# OpenAI API Fundamentals

## Learning objectives

- Understand how OpenAI's Python SDK authenticates and selects models.
- Practice crafting prompts for neurosurgical reasoning, patient education, and documentation.
- Capture structured outputs (JSON) that can flow into operative notes or registries.
- Explore embeddings, images, audio, and vision workflows that turn LLMs into multi-modal teammates.
- Adopt safety measures so experimental code never substitutes for real clinical decision making.


## Prerequisites & setup

- Create an OpenAI account and generate an API key with access to the models used below.
- Store your key in an environment variable (e.g., `OPENAI_API_KEY`) and let `api_key.py` read it at runtime.
- Install Python 3.10+ plus the packages referenced here. If you are running in a clean environment uncomment the `pip` command in the next cell.
- All examples default to lightweight, cost-efficient models so you can iterate quickly and upgrade to bigger models when you need higher fidelity.


In [None]:
# %pip install --upgrade "openai>=1.40.0" numpy


In [2]:

from pathlib import Path
from pprint import pprint
import json
import textwrap

import numpy as np
from openai import OpenAI

import api_key

client = OpenAI(api_key=api_key.openai)
default_model = "gpt-4o-mini"
embedding_model = "text-embedding-3-large"

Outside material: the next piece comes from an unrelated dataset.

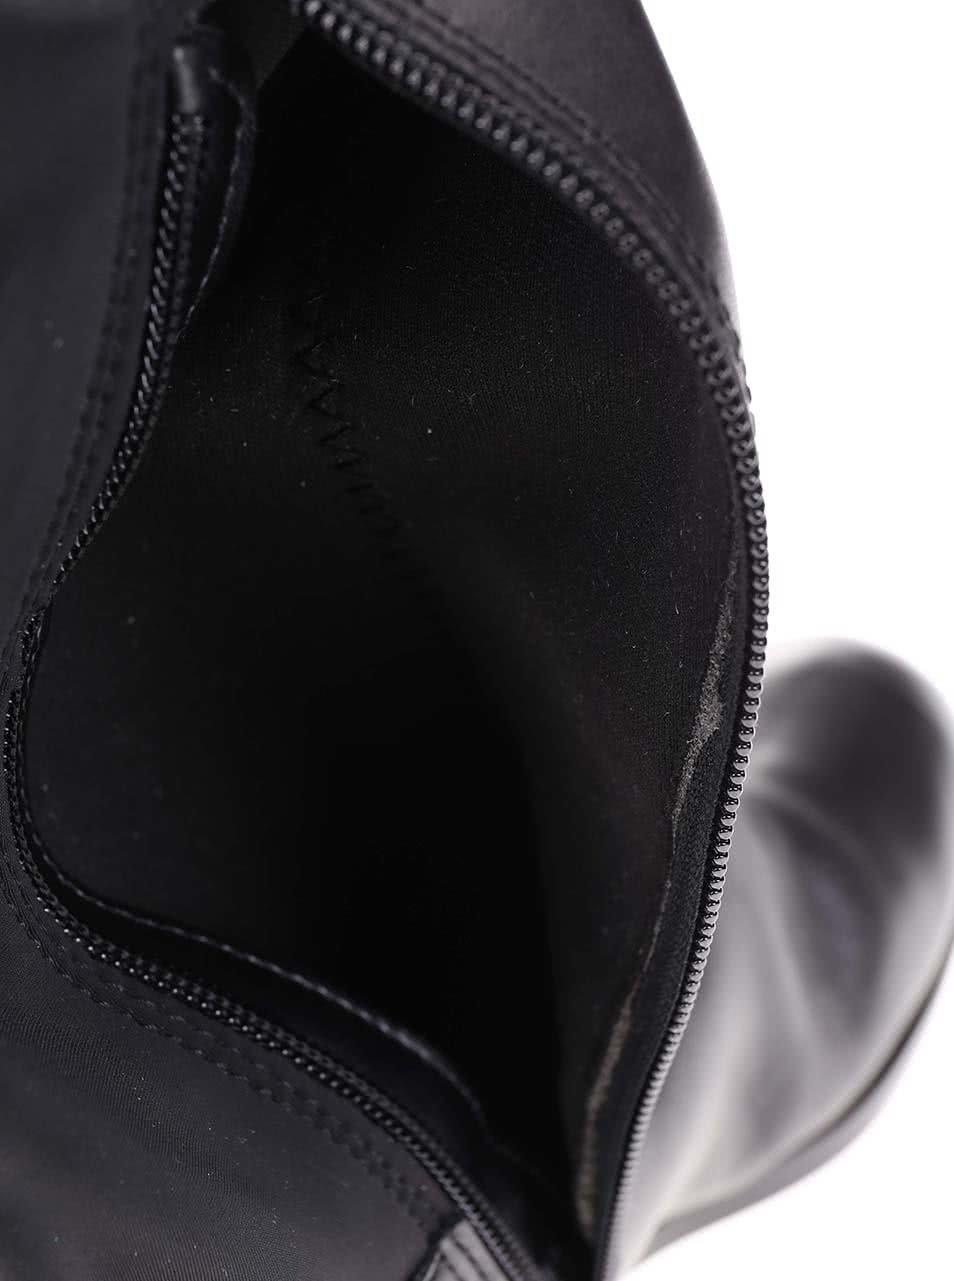 ecfbea28d5 Čierne kožené vysoké čižmy ALDO Dyna ...

print(f"Ready! Text model: {default_model}, embedding model: {embedding_model}")


Ready! Text model: gpt-4o-mini, embedding model: text-embedding-3-large


### Helper utilities

A couple of helper functions keep the later sections tidy. `print_response` mirrors what you would do when you log the assistant's output


In [12]:
def wrap(text, width=90):
    print(textwrap.fill(text, width=width))

def print_response(resp):
    """Utility for printing the text output of Responses API calls."""
    print(resp.output_text.strip())







## 1. First warm up

Patient education via LLM


In [4]:

warmup_prompt = """You are prepping a patient for a L4-L5 microdiscectomy and consenting them in the clinic for the same.
Explain in ~120 words what will happen in the operating room and how the decompression
relieves leg pain. Avoid giving promises or numerical risks; instead focus on the flow
of the day and what sensations the patient may or may not notice."""

warmup_response = client.responses.create(
    model=default_model,
    input=[
        {
            "role": "system",
            "content": "You are a friendly neurosurgery resident. Keep explanations accurate and calming."
        },
        {"role": "user", "content": warmup_prompt},
    ],
    temperature=0.7,
)


In [13]:

wrap(warmup_response.output_text.strip())


In the operating room, you’ll be given anesthesia to ensure you’re comfortable and relaxed
throughout the procedure. Once you're asleep, the surgeon will make a small incision in
your lower back to access the L4-L5 area. Using a microscope, they’ll carefully remove the
herniated disc material that’s pressing on the nerves. This decompression helps relieve
leg pain by allowing the nerves to return to their normal state, reducing irritation and
inflammation. You may wake up in the recovery area feeling groggy, but many patients
notice a significant difference in their leg pain soon after the procedure. The team will
monitor you closely to ensure your comfort and safety as you recover.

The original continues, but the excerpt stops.